Seeing patterns in weak signals is something done really well by all of us with the benefit of hindsight so setting up methodologies that examine weak signals pro-actively is key. Engineers on Deepwater Horizon dismissing worrying readings and even more alarming ‘kicks’ as merely the result of the bladder effect (which doesn’t actually exist) is a classic example of conveniently rationalising signals that are telling us that something isn’t as planned. Poor culture survey scores, near miss incidents on a par (rather than outnumbering) minor incidents, the common use of ‘them’ rather than ‘we’ and poor housekeeping are other (not so) weak signals if you’re looking for them.
More useful perhaps is the default of people who work in complex and or chaotic areas (e.g. battlefield command, politicians) who will automatically get a team of experts together and collate as much information as they can in the hope that a solution will emerge. Here, any and all signals will be scrutinised for utility.
A practical application that all organisations should use pro-actively is such as Behavioural Root Cause Analysis teams containing the real experts (the people who do the job) are always successful if given the time and resource. The passion and engagement such teams can be seen also in the ‘safety differently’ approach – which is essentially to assume workers are the solution not the problem and to ask them ‘what do you need’?
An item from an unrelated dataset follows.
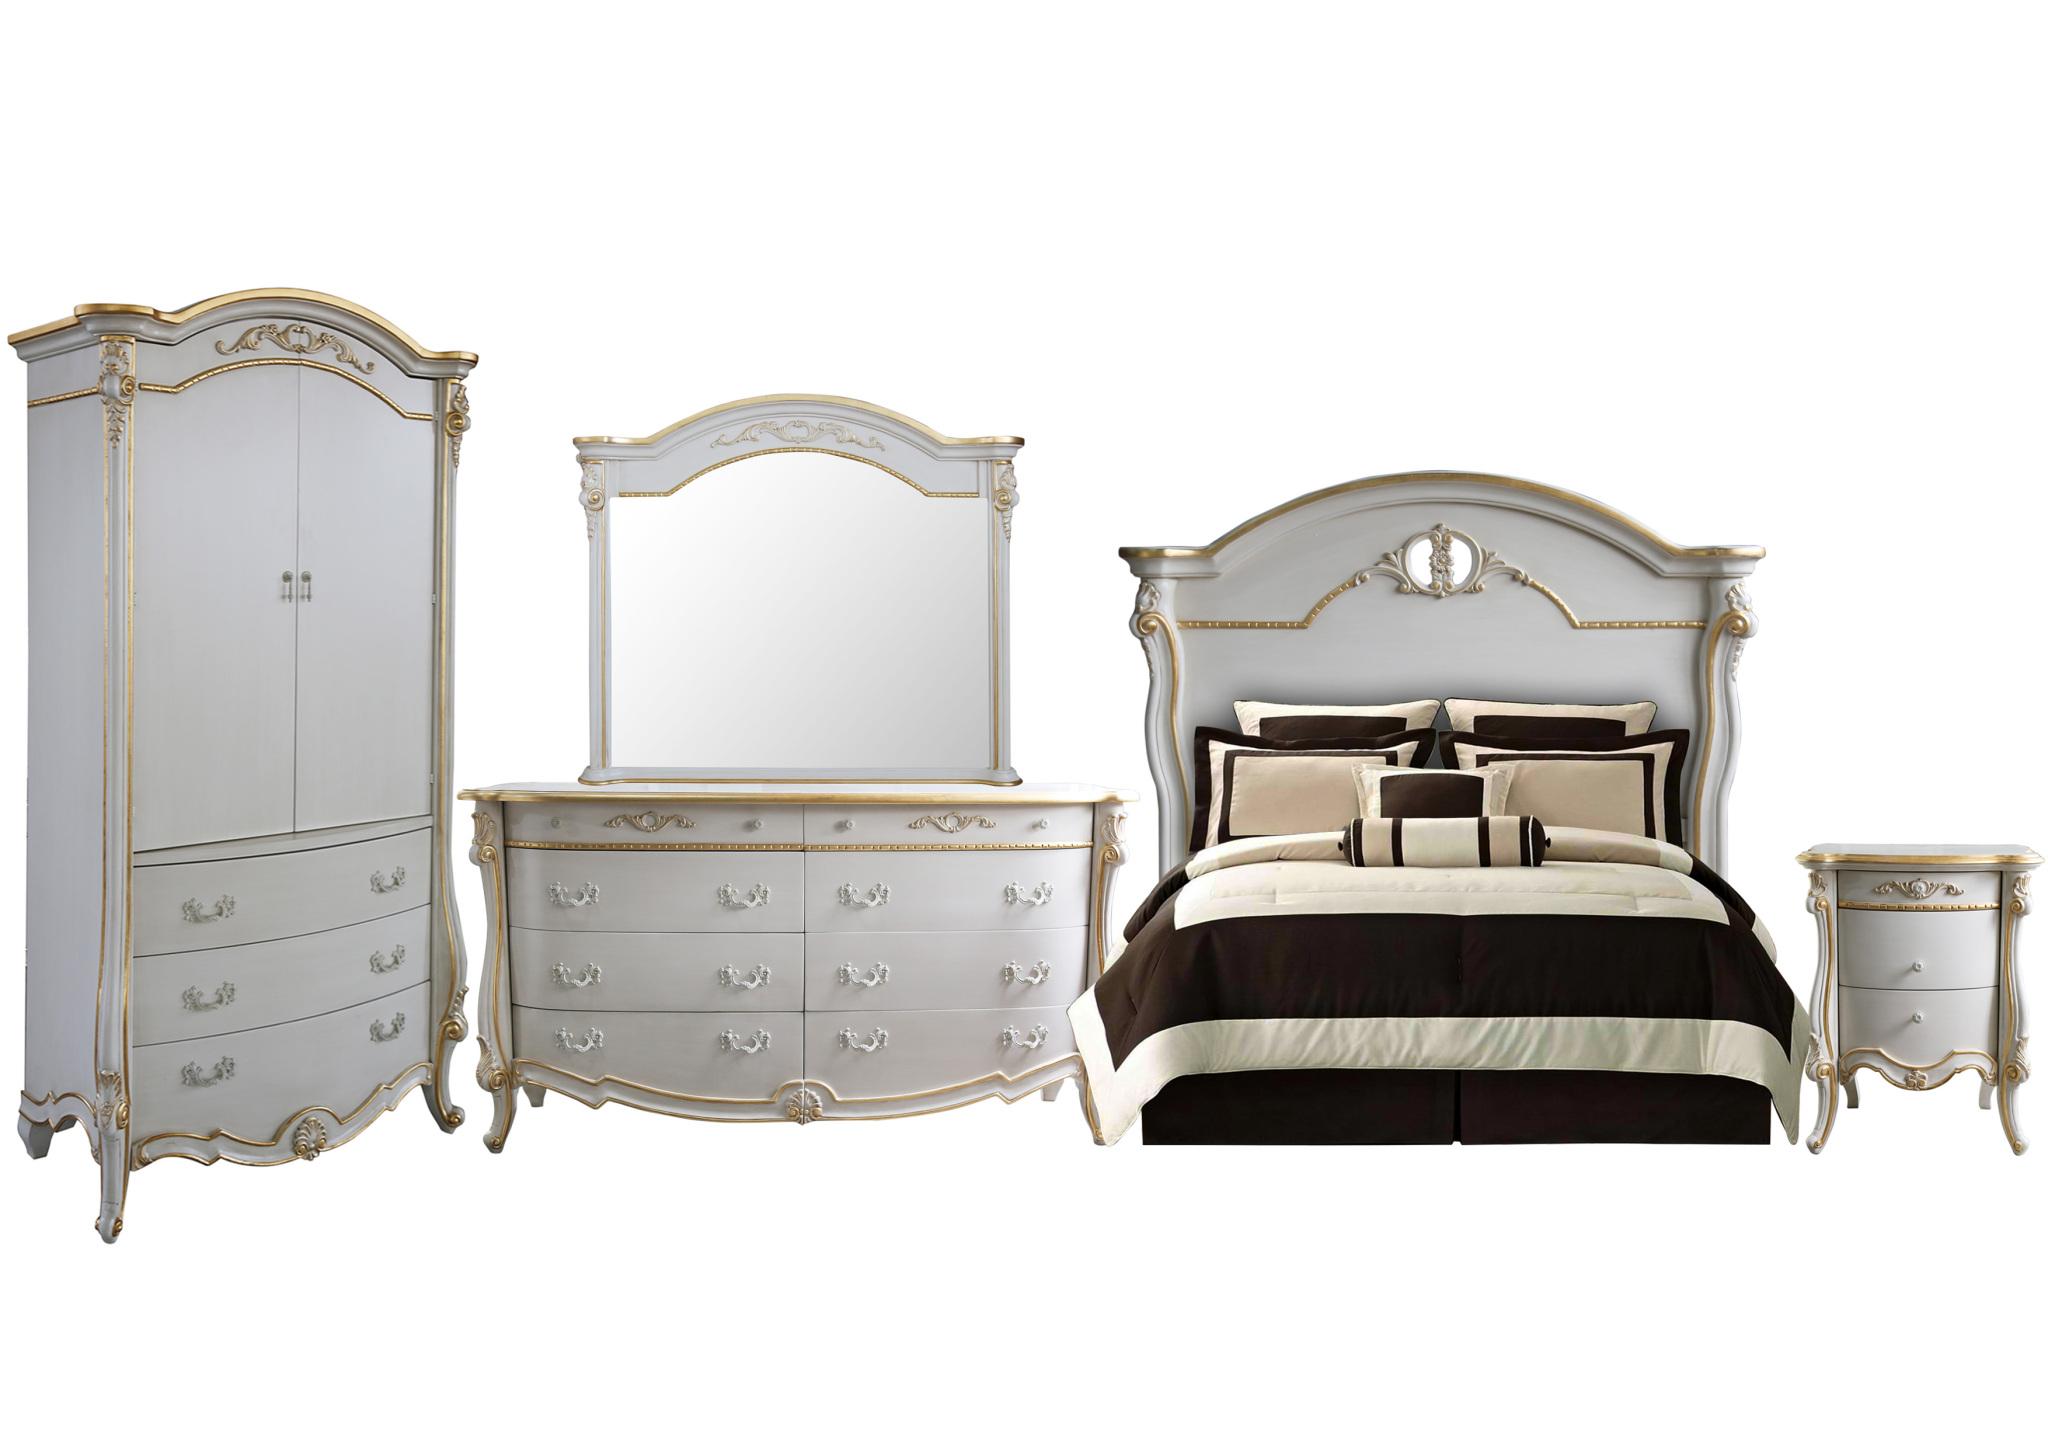 Rachel bedroom set complete bedroom sets for sale for Complete bedroom sets for sale

Consultancy is another problem area. Bad consultants. “I have this lovely solution… where is your problem?’ Good consultants: ‘I have a range of lovely solutions and an open mind to developing an entirely unique and tailored one’… ‘what is your problem?’
Rules and Regulations
An interesting topical issue is that when things get chaotic the response of those in command is to establish order with new rules and regulations which they often find themselves reluctant to give up when things calm down. (The concerns about the proposed ‘Justice Bill’ in the UK is a perfect example). In the world of health and safety we can consider simplistic catch all PPE rules that really should be made more subtle once the principle is established. Specifically, once rules that were initially useful to add order to chaos have achieved their aim they can look and feel ‘infantile’ to workers. This inevitably leads to resentment and sets entirely the wrong tone when we’re seeking empowerment and the truism “fewer, better rules, thoughtfully enforced” will be undermined.
COVID Rules & Conclusion
In short, risk management is never at its most effective when thinking stops. For example, in 2020 nearly all of us were in a situation where we were seated in a large café / shopping in a supermarket with two wide doors at either end of the space. Though seated/ paying at a till right next to a deserted ‘in’ door we’re instructed to make our way past dozens of fellow dinners / shoppers to the official ‘out’ door so as to ‘benefit’ from the one-way system. (All it would take is to instruct the person ‘guarding’ the door to enforce the one-way system when the ‘in’ door is genuinely busy and not shout ‘ONE WAY!’ by wrote when it’s deserted. (Especially when using a tone that implies ‘murderer’).
The most obvious learning point from an understanding of the Cynefin model is that the world is not a simple place. Applying simplistic thinking to any risk management issue – let alone complex and global one – kills people unnecessarily.